Mönchengladbach (dpa). Mord-Ermittler aus dem gesamten Bundesgebiet haben in Mönchengladbach untersucht, ob der mutmaßliche Mörder des kleinen Mirco ein Serienkiller sein könnte. Die Sonderkommission "Mirco" stellte dazu ein Bewegungsprofil des 45-jährigen Olaf H. vor, der als Außendienstmitarbeiter jahrelang viel gereist ist und im ganzen Bundesgebiet unterwegs war. Die Ergebnisse des Treffens sollen aus ermittlungstaktischen Gründen zunächst geheim bleiben.

Mordkommissionen hätten Ermittler nach Mönchengladbach entsandt, so ein Polizeisprecher. Der Soko sei es gelungen, ein Bewegungsprofil für die vergangenen 23 Jahre zu erstellen. Ein DNA-Abgleich in der bundesweiten Datenbank hatte zuvor keinen Hinweis darauf erbracht, dass der Familienvater ein Serienmörder sein könnte.
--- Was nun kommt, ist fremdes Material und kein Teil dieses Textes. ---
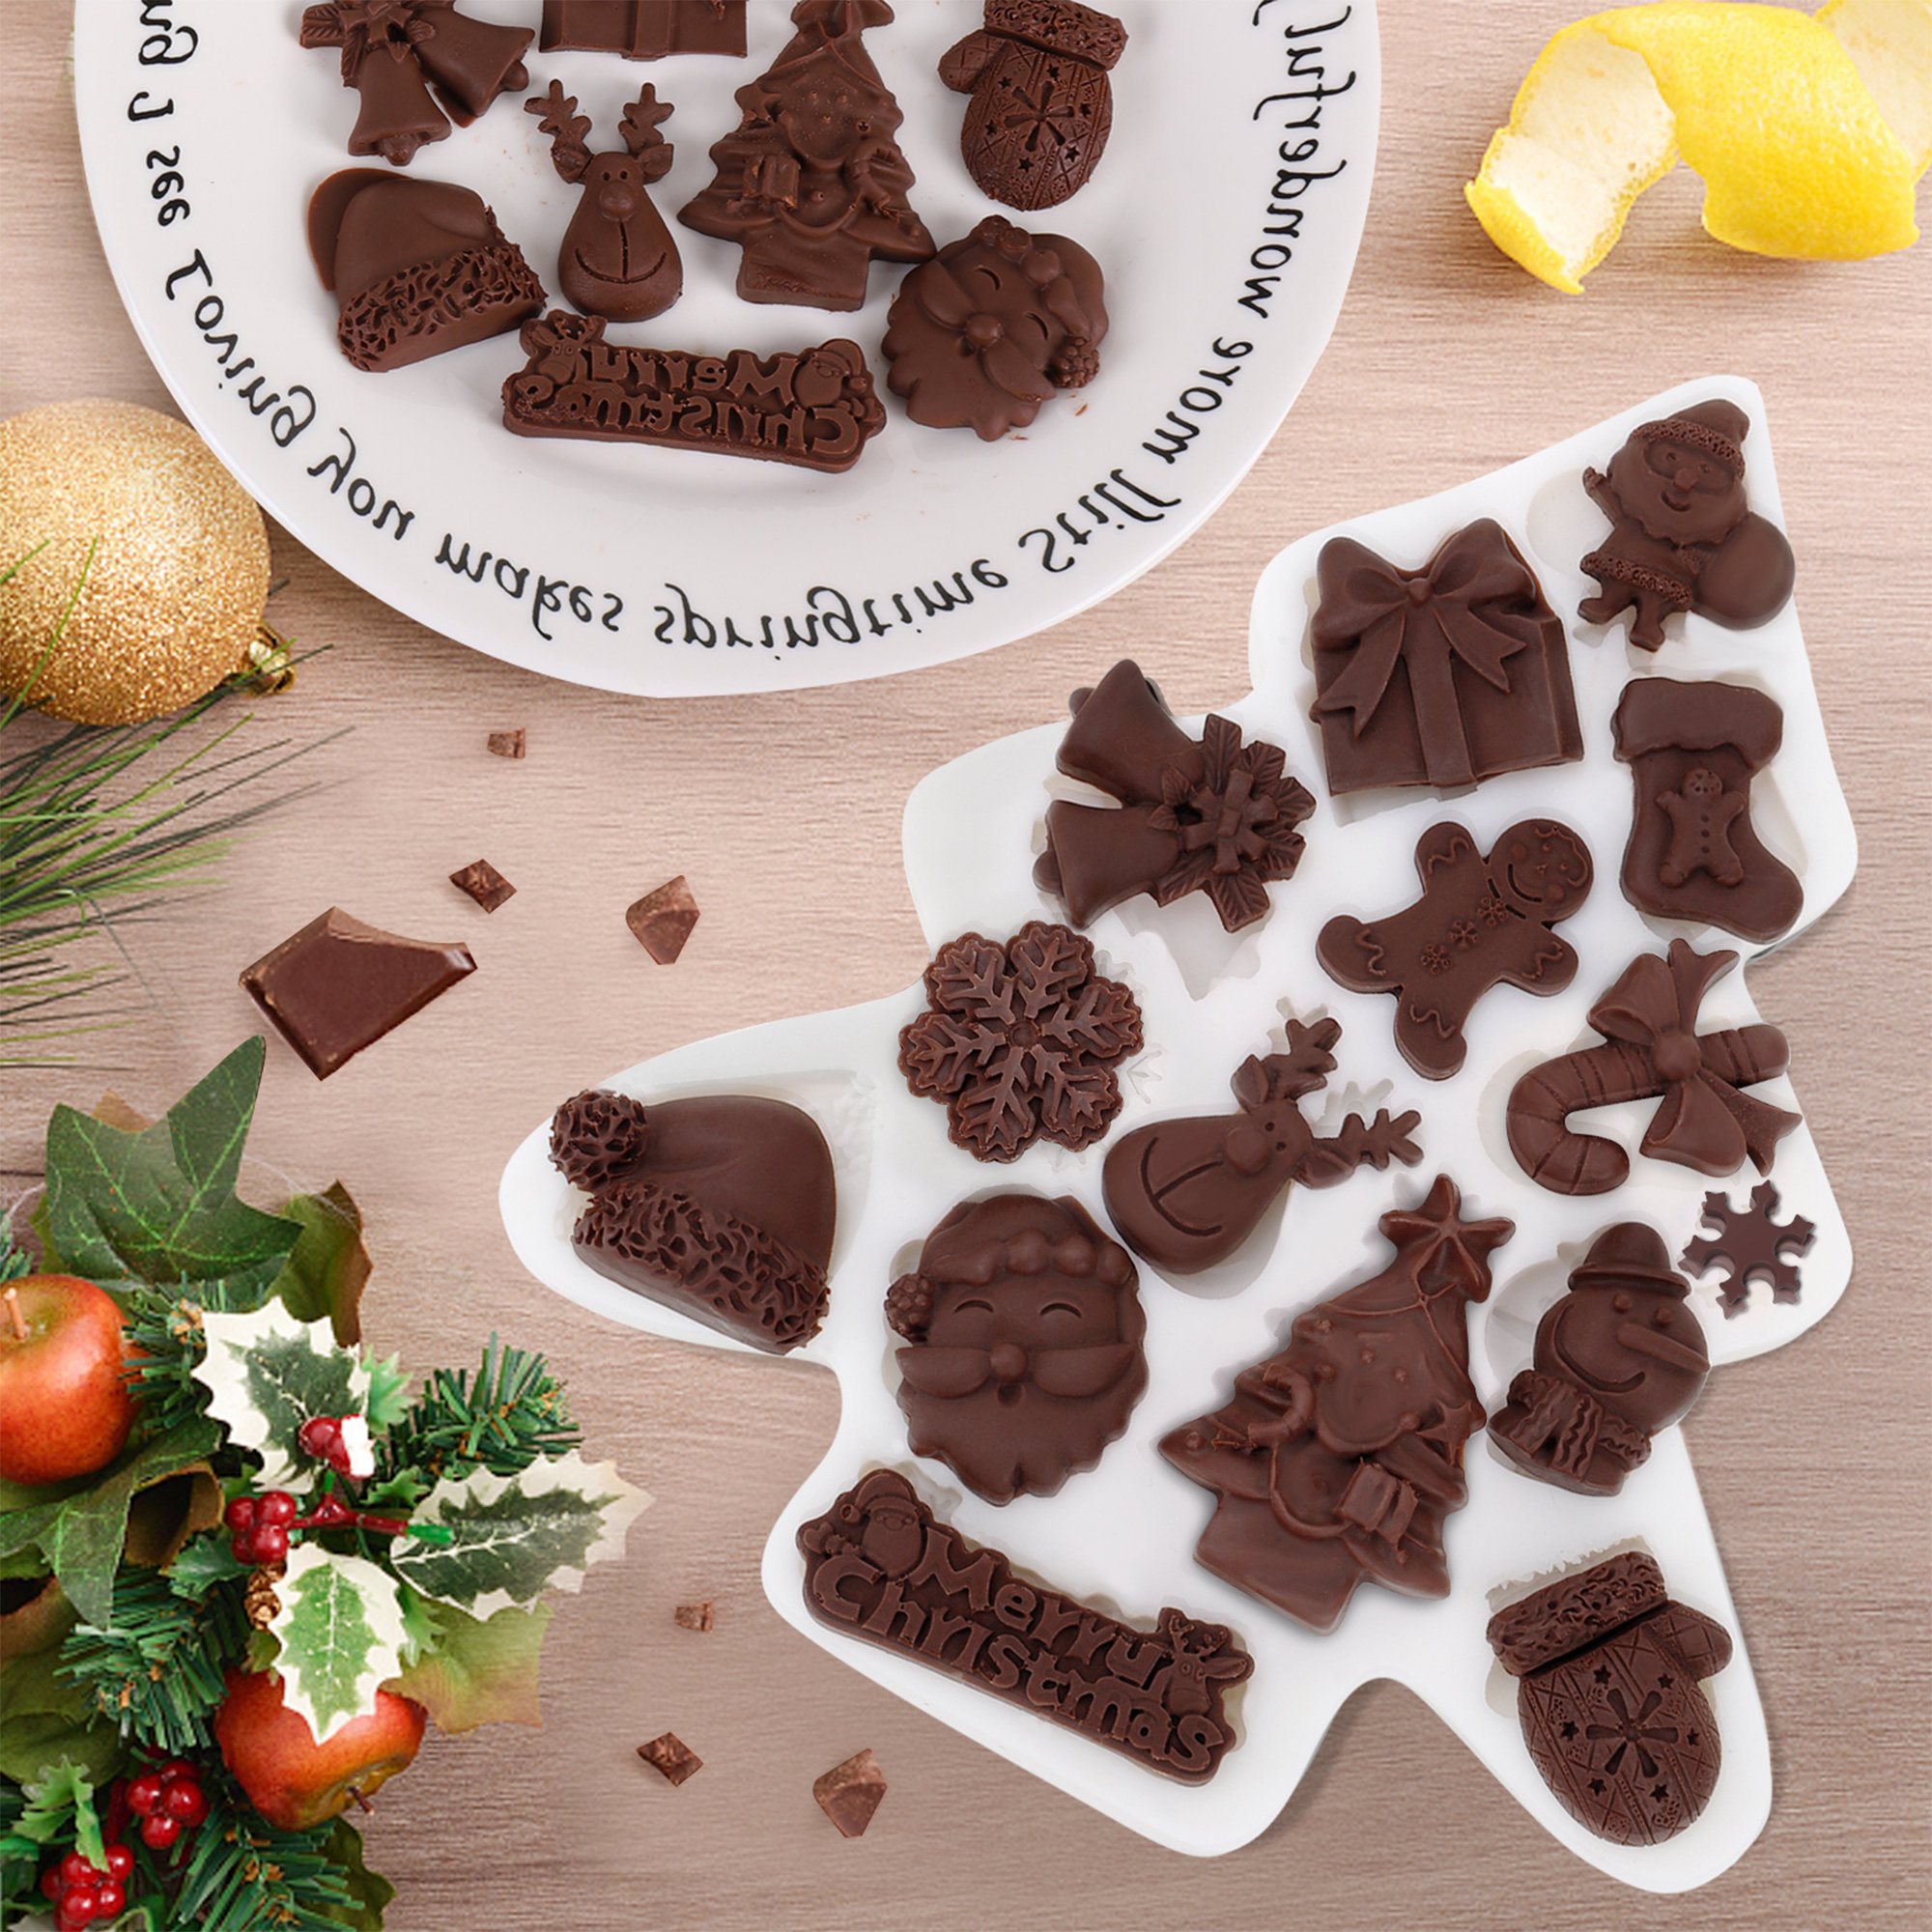 Kitchtic Silicone Non-stick Molds for Chocolate, Candy, Cookie and Mini  Cake - 6 Piece

Sogenannte Profiler halten es aber für unwahrscheinlich, dass der Verdächtige erst mit Mitte 40 sein erstes Sexualverbrechen begangen hat.

Das Krefelder Landgericht hatte die Anklage gegen Olaf H. in vollem Umfang zugelassen. Der Prozess gegen den Angeklagten soll am 12. Juli beginnen. Die Staatsanwaltschaft wirft dem Familienvater aus Schwalmtal Mord und sexuellen Missbrauch des Jungen vor.

Der 45-Jährige hatte gestanden, den Zehnjährigen am 3. September vergangenen Jahres entführt, missbraucht und umgebracht zu haben. Ende Januar hatte er die Ermittler zur Leiche des Jungen in ein Waldstück nördlich von Grefrath geführt. Der Mann sitzt seither in Untersuchungshaft. Bis zu seiner Festnahme galt er als unbescholtener Familienvater.